Studies show that cybersecurity skills needed for the cloud are lacking and this is a problem that organizations are grappling with. What are the new skillsets that are in demand? What is the way for organizations to work round the skillset shortage?
Cybersecurity requires a deep understanding of the technologies as well as their pitfalls. Cloud platforms have led to the introduction of several new services, nuances, and design patterns. So, individuals that bring a strong understanding of the cloud platforms are in great demand. This is the case for not just cybersecurity but also for compliance, infrastructure, and development functions. While training is an essential response to skill shortage, it’s not adequately tactical in my view. I’d think organizations can overcome the challenge by hiring “cloud specialist” resources at senior levels and leveraging them as force-multipliers.
The cloud presents numerous advantages, especially for Cloud Security. But organizations have not yet tapped these for advantage. How should they go about it?
That’s a great question. Let me draw your attention to AWS CEO Andy Jassy’s statement at 2019 Re:Invent: “About 97% of the IT is still in corporate data centers.” Over the past two decades organizations have developed or employed tools, processes, systems that are suitable for this footprint. While Cloud is making rapid inroads, an overnight evolution to a similar degree of maturity is not easy. Further, the cloud services themselves are constantly evolving and at a rapid pace. This raises the bar even higher. Organizations will start building out capabilities gradually as they increase their cloud presence. I certainly think there’ll be a major role for cybersecurity vendors in speeding up the capability transformation that’s underway.
What are some myths and misconceptions about challenges on Cloud Security? What is the reality and how should organizations deal with it?
That’s a tricky one … from what I have witnessed, the single biggest challenge for Cloud Security is a general lack of understanding that Cloud services while they look all familiar to their on-premise equivalents, the underlying architectures and the attack surfaces are significantly different. The simple fact is Cloud adoption requires deliberate analysis and planning. There are no shortcuts to it.

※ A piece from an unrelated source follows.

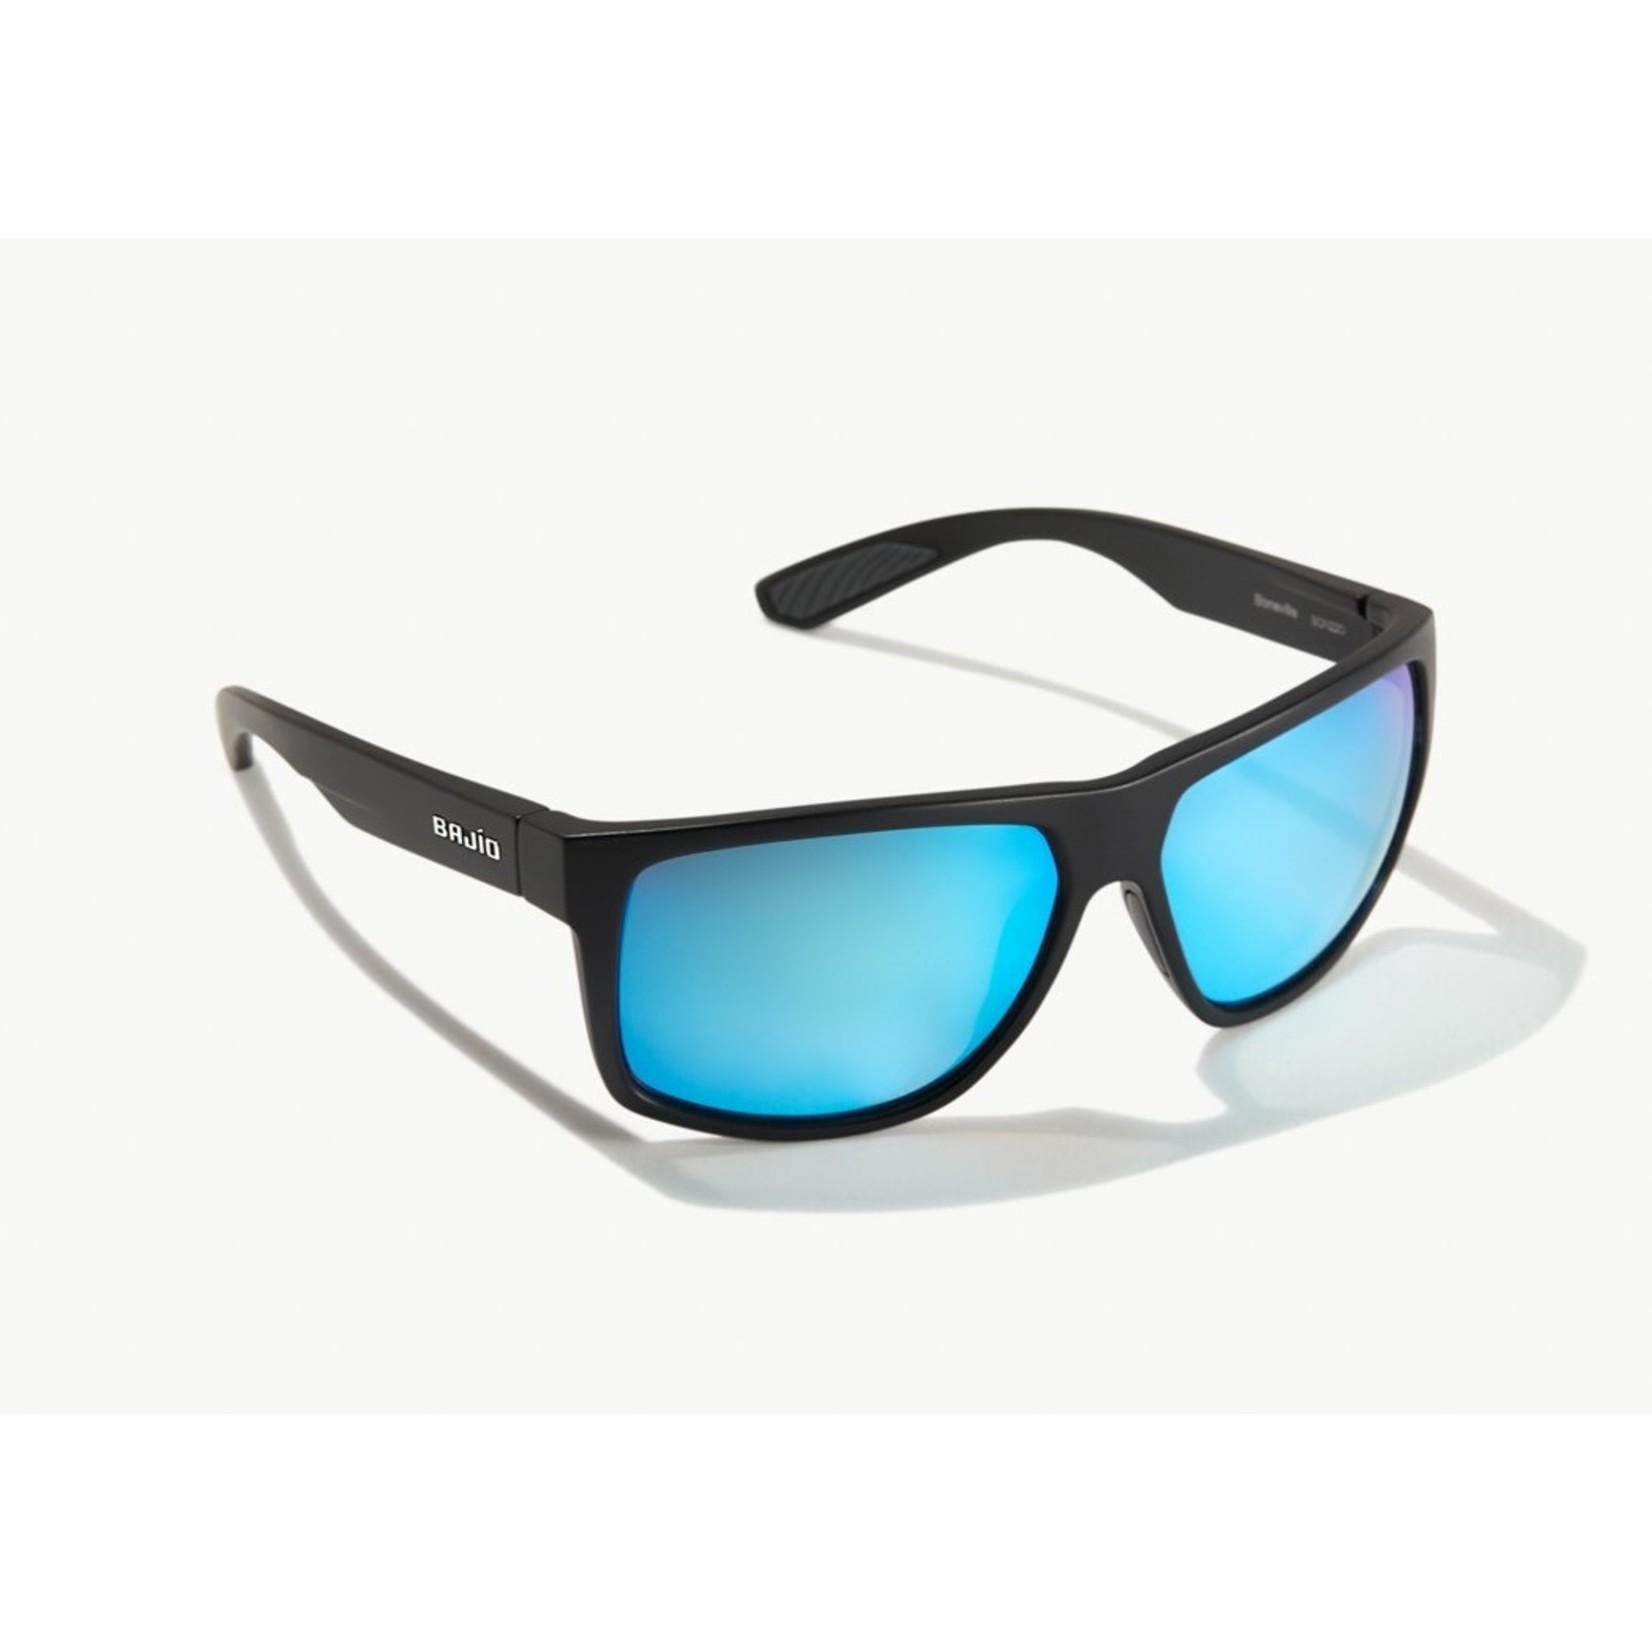 Bajio Bajio Boneville Polarized Sunglasses

Can you elaborate on this? What are you observing in the industry?
Compliance programs have been reactive; people and process heavy. Usually, management teams are looking at reports for the state of affairs about two to four weeks ago. This often results in conversations that end up being subject and often, political. All these factors limit the effectiveness and value addition that compliance programs bring to the business. Cloud offers this very unique opportunity to make compliance pro-active, automated, and even provide telemetry that is current. There are a few vendor products that help build out “compliance-as-code” and seem quite promising. How swiftly the compliance teams, industry standards, and the larger ecosystem adapts itself is yet to be seen.
About the Interviewer
Brian Pereira is the Principal Editor of CISO MAG. He has been writing on business technology concepts for the past 26 years and has achieved basic certifications in cloud computing (IBM) and cybersecurity (EC-Council).
Disclaimer
The views expressed in this article are entirely personal. The facts and opinions in the article do not reflect the views of Citi.